Last spring, I interviewed Angie Maxwell, a political scientist at the University of Arkansas who studies voting patterns among white, Southern women. She found that the Republican Party managed to build support among that group partly by connecting to their fears that the women’s movement would leave wives and mothers vulnerable to abandonment by their husbands.

“If you’re financially dependent and people are saying that you’re going to have to fend for yourself, that if you get divorced your husband won’t have to pay child support, that’s terrifying,” she told me.

It’s a pattern that shows up in more subtle ways too, even among people who do support women’s equality and feminism, but whose individual choices are constrained by the realities of an unequal world. A new report from Price Waterhouse Coopers, a consulting company, found that “The motherhood penalty — the loss in lifetime earnings experienced by women raising children — has become the most significant driver of the gender pay gap.” And the main reason for the motherhood penalty, it finds, is that mothers take on most of the burden of child care in almost every country around the world. In the United Kingdom, the report found, the high costs of child care cause many women to leave the work force entirely.

It is of course possible for men to share child-care duties equally.

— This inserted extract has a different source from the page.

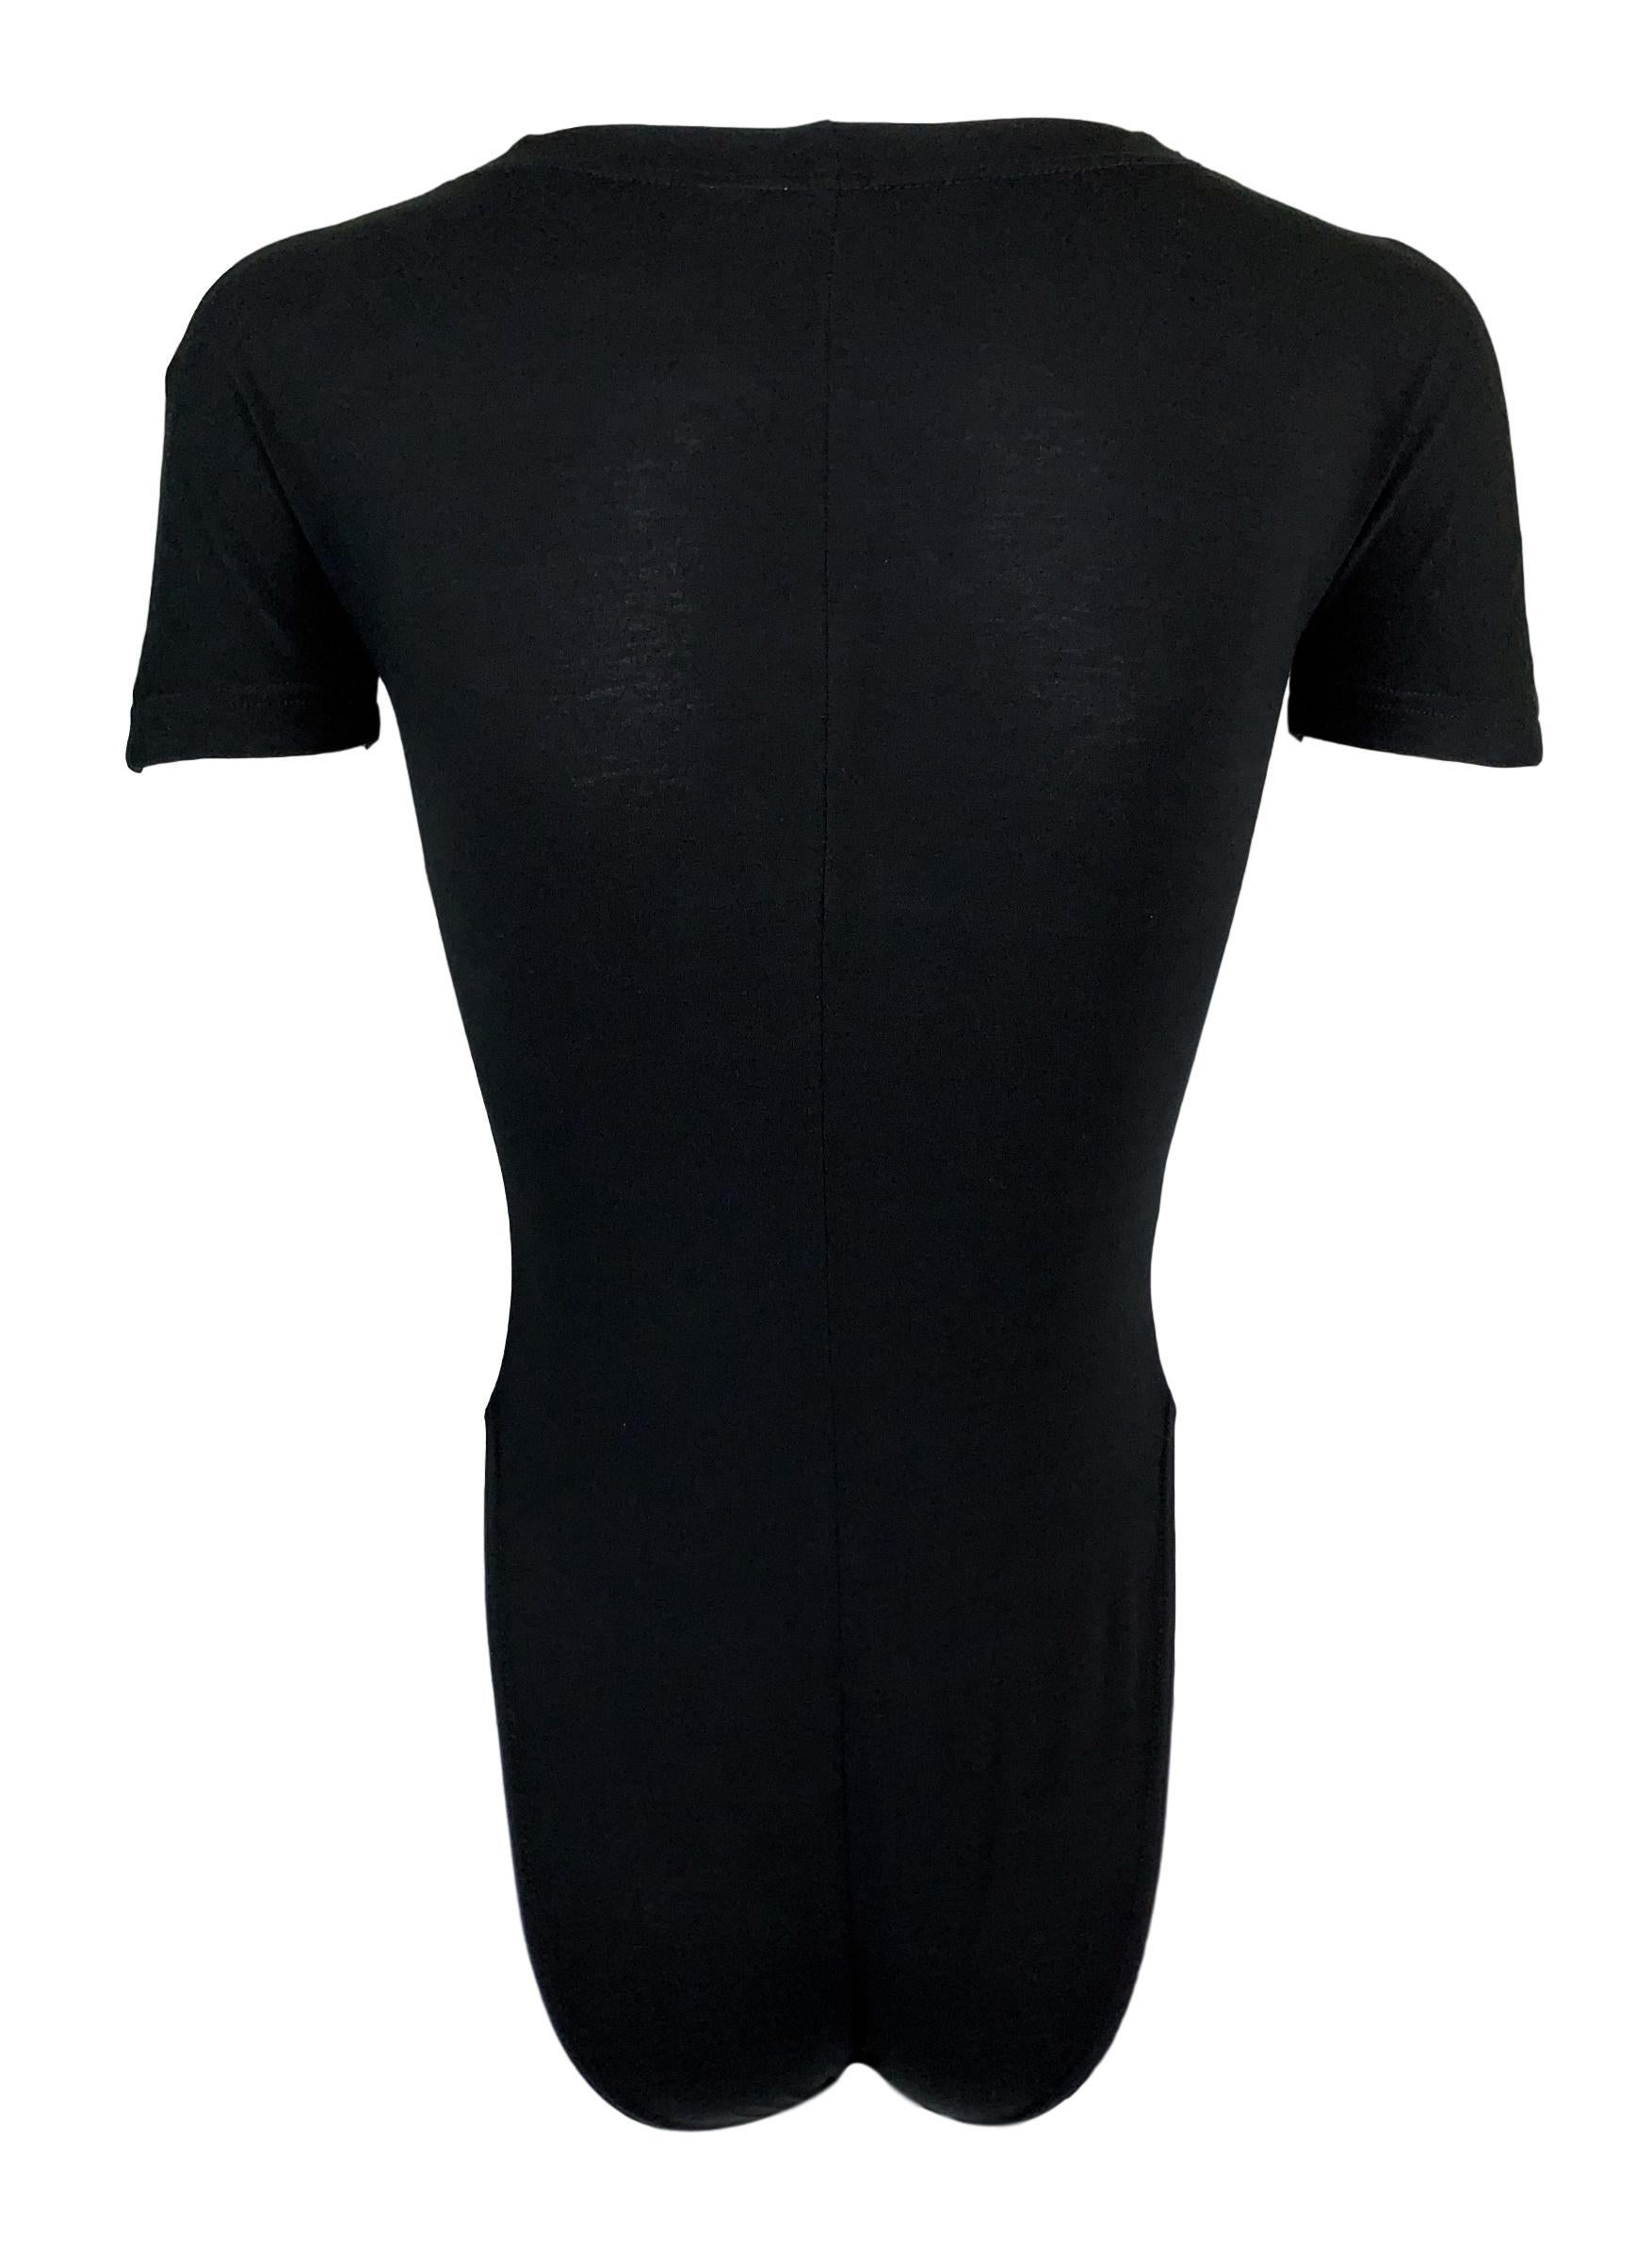 versace bodysuit black

My husband and I both work, and he does at least half, and often more, of the care for our two children. And I’d like to believe that’s because of our firm commitment to equality within the relationship. But I know that it probably helps that there has never been a time when our family was more reliant on his earnings than on mine. There has never been any practical incentive to preserve his career at the expense of my own.

But when men to out-earn their partners, as they often do, the incentives look different. I’ve watched many of the high-achieving women I know drift out of the work force after having children because their husbands’ salaries were much higher. It starts early: paternity leave is often largely unpaid, and when the husband is the higher earner the costs of taking unpaid paternity leave can seem insurmountable when the family is facing the added expenses of a new baby.

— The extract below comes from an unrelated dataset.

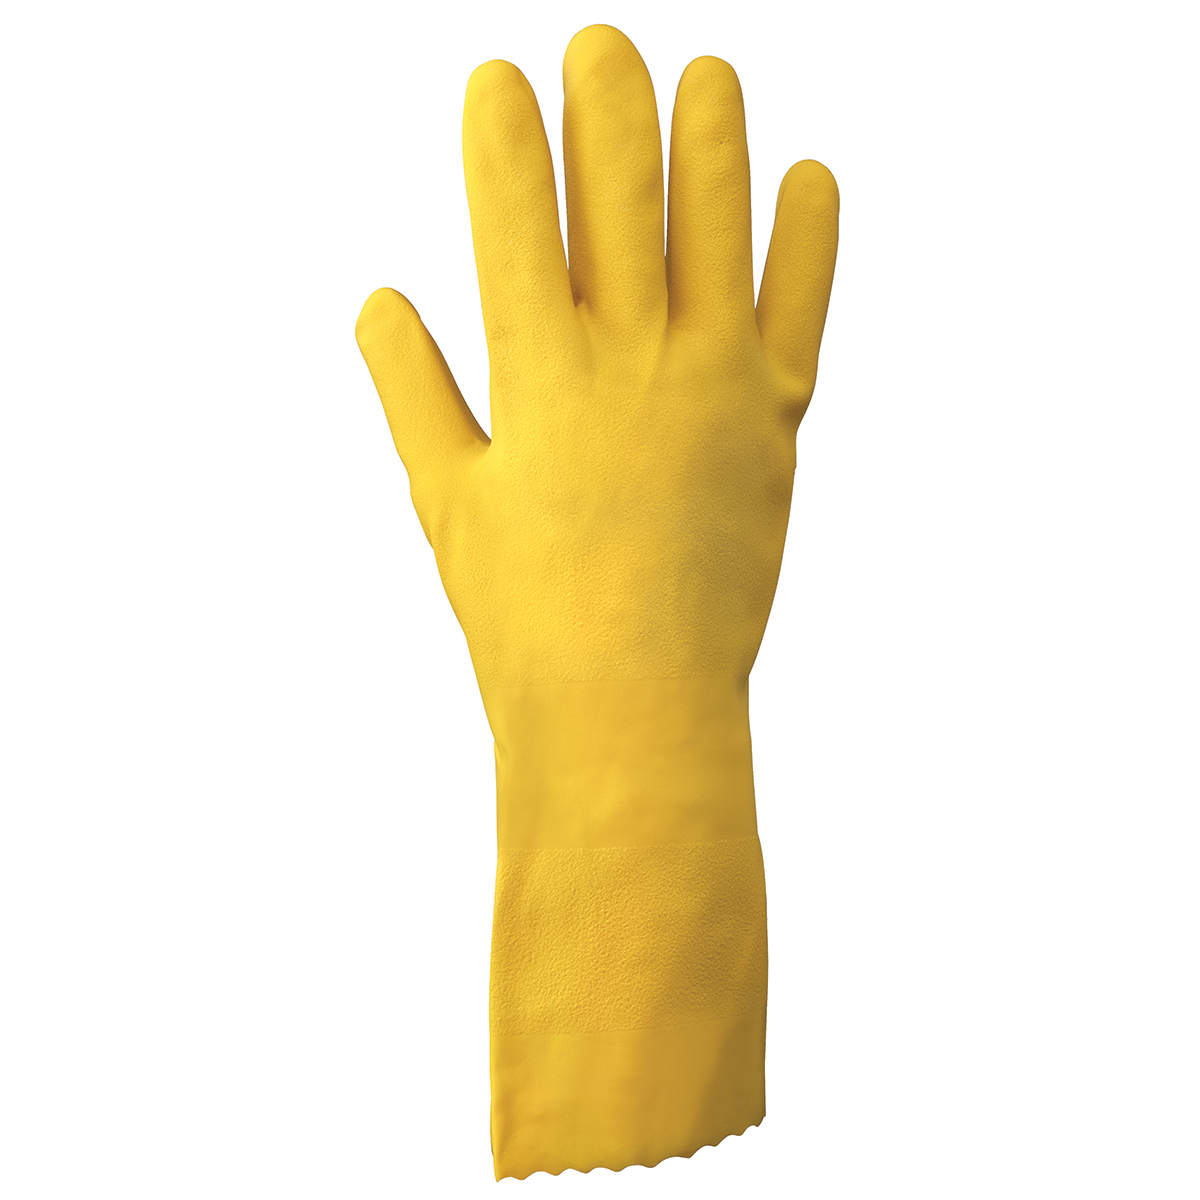 SHOWA® Size 10 Orange 18 mil Latex Chemical Resistant Gloves

From there, small decisions snowball into bigger ones: the choice of who should take the day off to stay with a sick child looks different when one spouse’s salary is much higher, for instance, but a lot of sick days can turn into needing to go part-time, or forego a promotion, which then makes the family even more reliant on the higher earner.

Claudia Goldin, a Harvard economist, has found that in highly paid professional fields like law, medicine and finance, people are paid disproportionately well for working long hours and weekends — a schedule that is usually impossible for parents to maintain unless they have a partner who works much less, or not at all.

Over time, families can find themselves on a glide path to traditional gender roles, with the male partner’s career taking priority and the female partner doing the bulk of housework and child care, even if she still has a job.

So that is one depressing way to answer the question I posed at the top: that patriarchy, like other unequal systems, has a way of conscripting people to its service. And once there, they add power to the system, creating a self-reinforcing cycle that preserves inequality — despite many of the participants’ desires for a better world.